Sure it’s useful for real things. I bet you can prosecute ransom under it. Or hacking to break into a rival company.

But it’s also great for when someone embarrasses a politician with stuff that they published on their own website and “something has to be done”.


Wouldn’t it be the users, rather than Beeper Mini, that are doing the accessing?


Beeper mini includes a hosted service to receive APNS notifications (meant for Apple software)

So I would summarize it as the corporate entity connecting to an Apple API and using it in undocumented ways that they reverse engineered, intercepting messages meant only for Apple software, doing so without prior permission, for purpose to selling access to services which would normally be covered by an Apple EULA.

It is not quite like a smaller word processor wanting to be able to import Word documents - without tying into Apple's service, Beeper Mini has zero value.


That’s fair, but compare it to SMS. What if Apple blocked SMS messages sent via cellular carriers, which are also using their services (software on phones, etc.) Then suppose it wasn’t malicious SMS or spam, but legitimate messages sent using a competitor’s product (e.g. from all Samsung phones).
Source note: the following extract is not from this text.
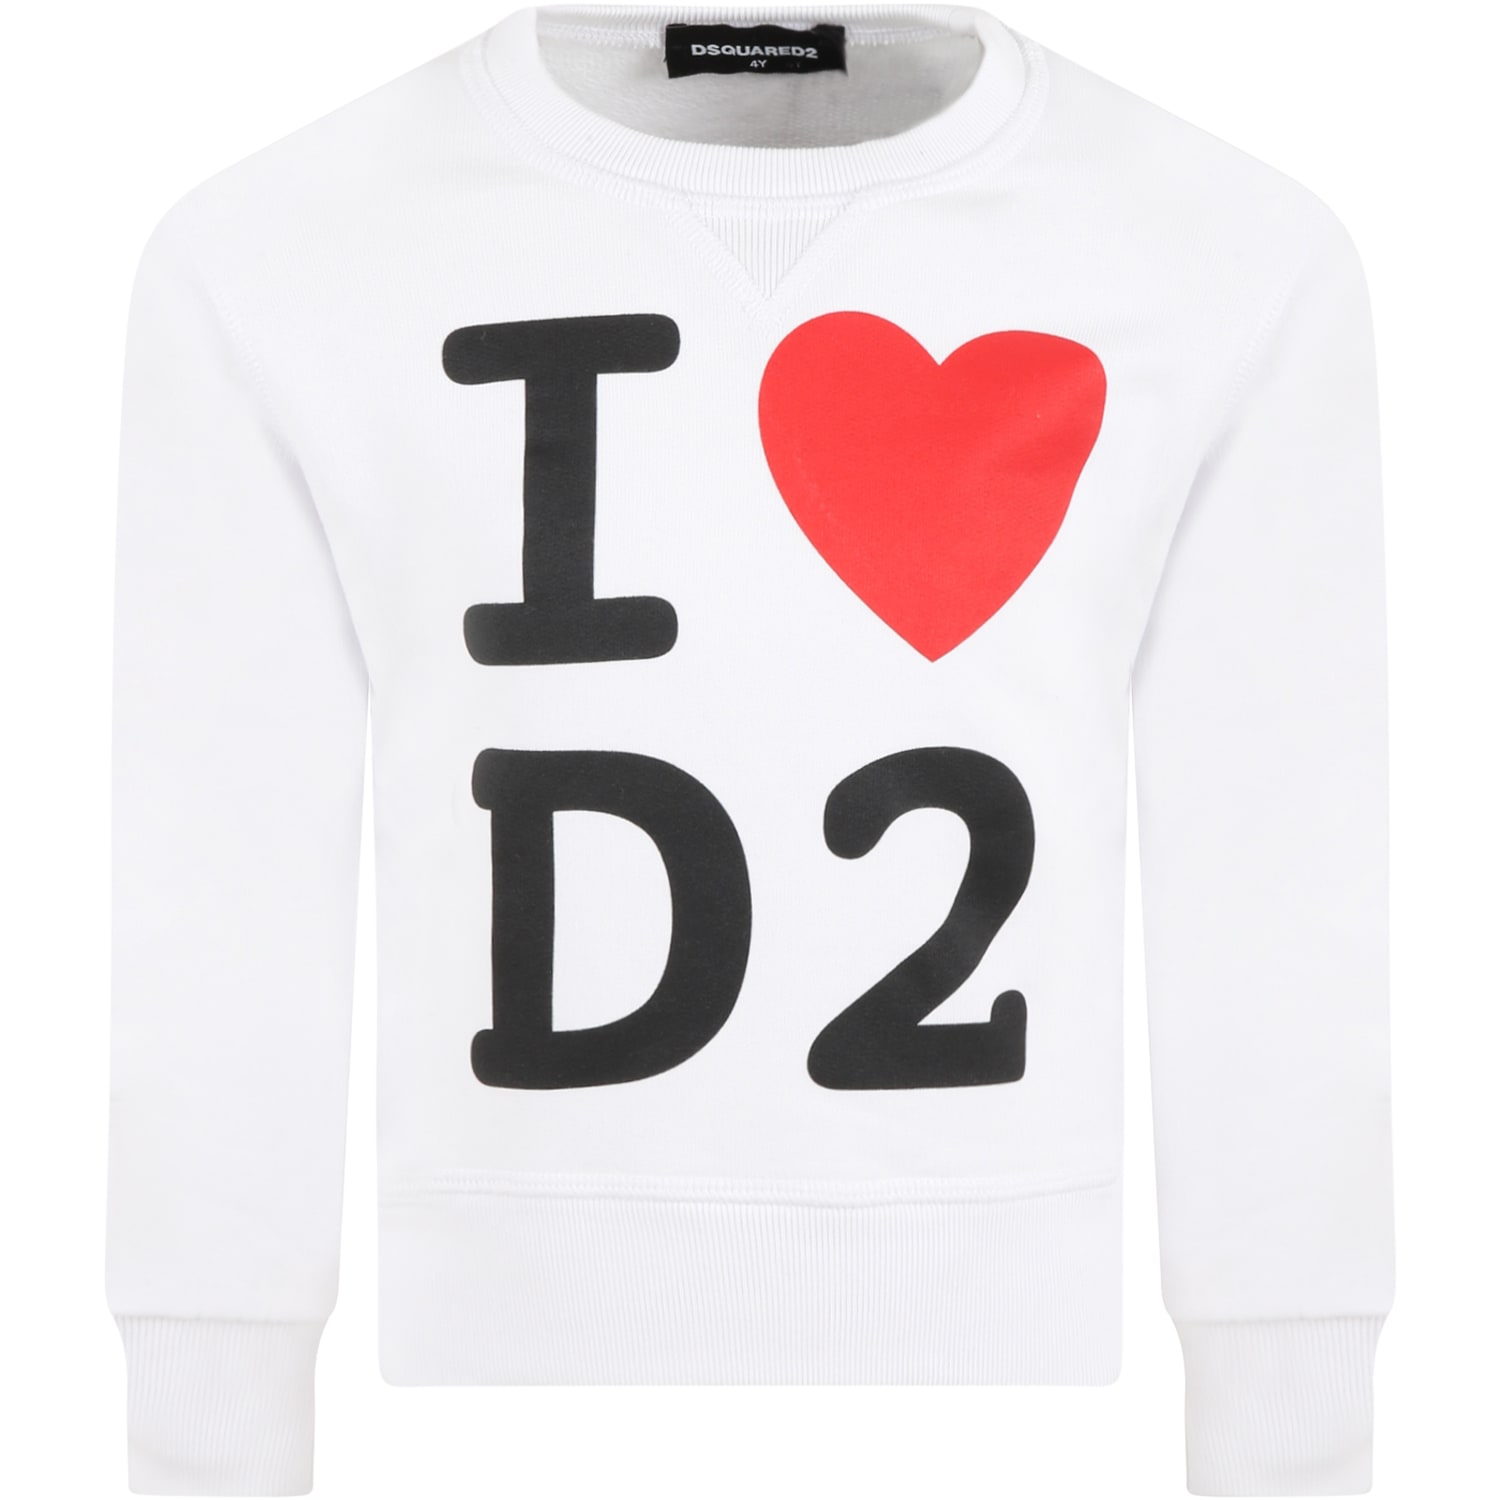 Dsquared2 White Sweatshirt For Kids With Heart

How are you going to make a case for tortious interference when the would be interferee is profiting by using the interferer’s resources without payment?
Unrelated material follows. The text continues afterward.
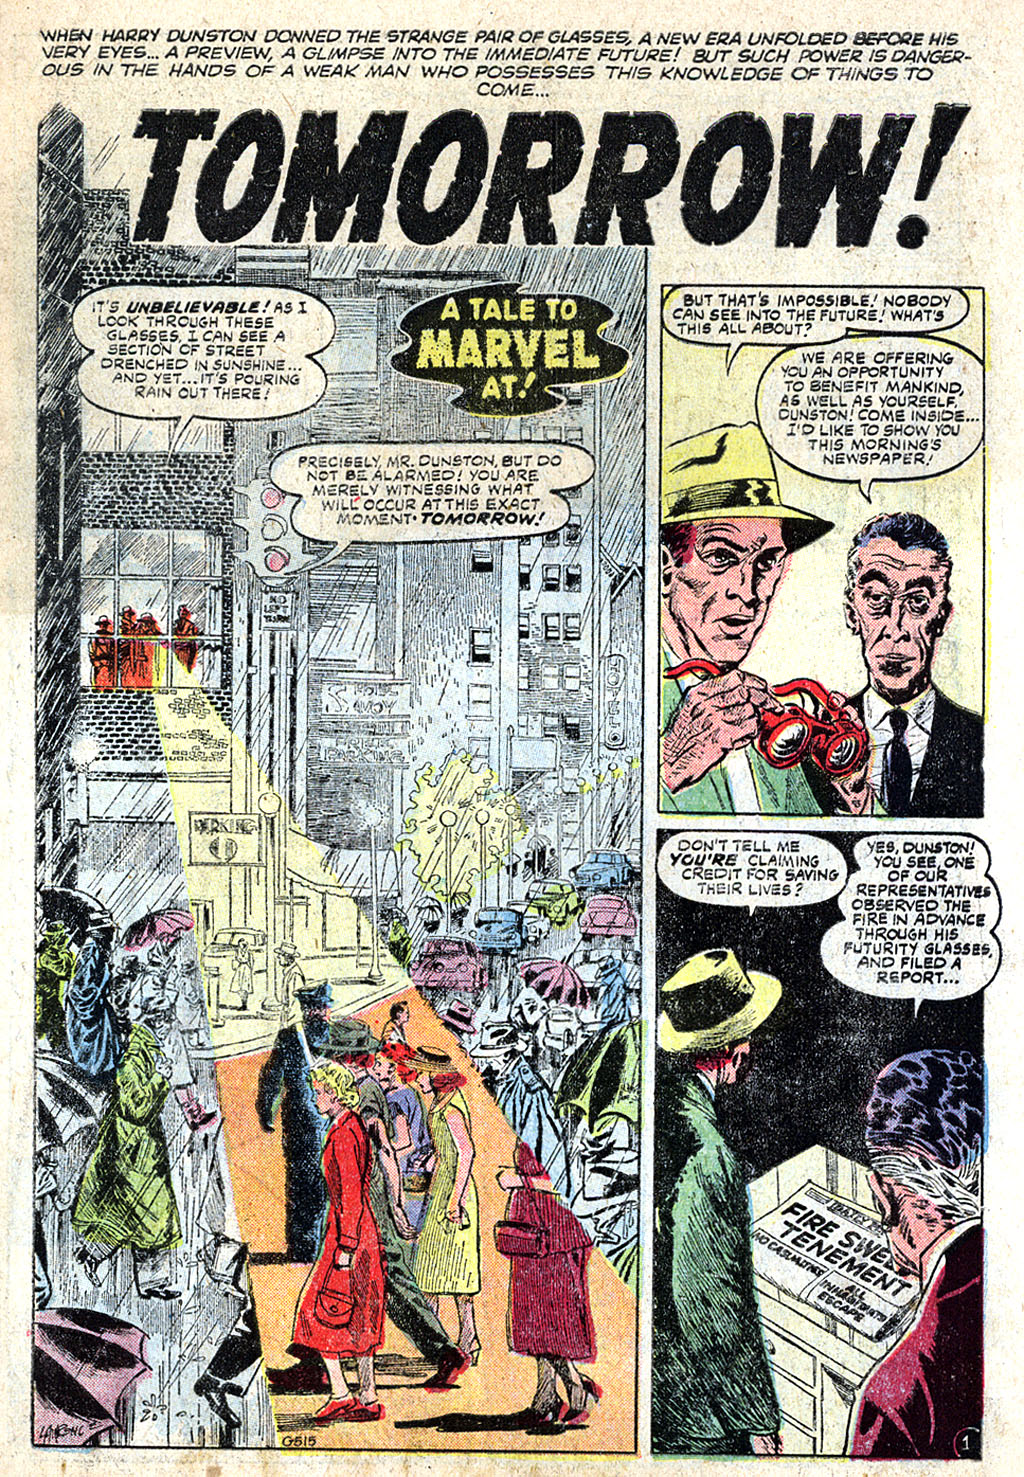 Marvel Tales (1949) 138 Page 2

From beepers website, there’s no use of apples servers when iMessages are sent from a beeper user to a beeper user. Rather, they only pass through Apple when sent to an iPhone user and in that case it’s the iPhone user that’s utilizing apples resources. And in that case there’s an Apple device owner, who is paid for the right to use iMessage servers.
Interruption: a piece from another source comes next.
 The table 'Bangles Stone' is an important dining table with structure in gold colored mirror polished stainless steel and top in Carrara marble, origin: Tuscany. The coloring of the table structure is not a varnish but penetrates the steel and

Well, obviously, if those messages aren't using Apple's servers, then Apple hasn't stopped them, so there's no interference.


Wow that’s a hell of a stretch, but A+ for effort I guess. By that logic, they’re only stealing 50% of Apple’s iMessage resources for iPhone users.


Not sure why this is getting downvoted – IAAL and this is definitely something worth considering. This particular type of law varies from state to state, and can be quite broad. I've talked with other lawyers about it in the past, and my understanding is that it's frequently asserted when companies make counterclaims in business litigation.

That doesn't mean it's a sure winner, just that it's a live question until more info is known. I imagine Apple would say they need to tighten up any parts of their system that could allow for spoofing or other security issues, and that was their 'legitimate' reason to make these changes.


I think most or all states recognize that the defendant’s actions must not be justified or privileged. It’s hard to imagine how Beeper would meet that element on these facts.


I’m not a lawyer, but I do know how computers work. I’d bet the farm on the very safe assumption that any protocol change that blocks a third-party client at the very least can plausibly be claimed to be in service of security, and most likely be a legitimate claim in reality. It is probably being downvoted because it’s incredibly far-fetched.


I agree that this would be their argument. But as other commenters mention, this area could be a minefield for Apple due to their dominance in various markets. It's possible they wouldn't want to get sucked into a lawsuit about this, even if they thought they could win, since they might end up making statements that would have a larger detrimental effects in other cases/potential cases.


Maybe (or maybe not) plausible, but I think it's irrelevant, because there's no way a small company like Beeper could beat Apple's lawyers at this game. It will end up bankrupting Beeper long before it would even matter.


This is unfortunate, but not untrue. Even just going through discovery on this issue would be quite expensive — and would be critical to proving Beeper's case.


That's like getting upset after getting bad dating advice from a vending machine.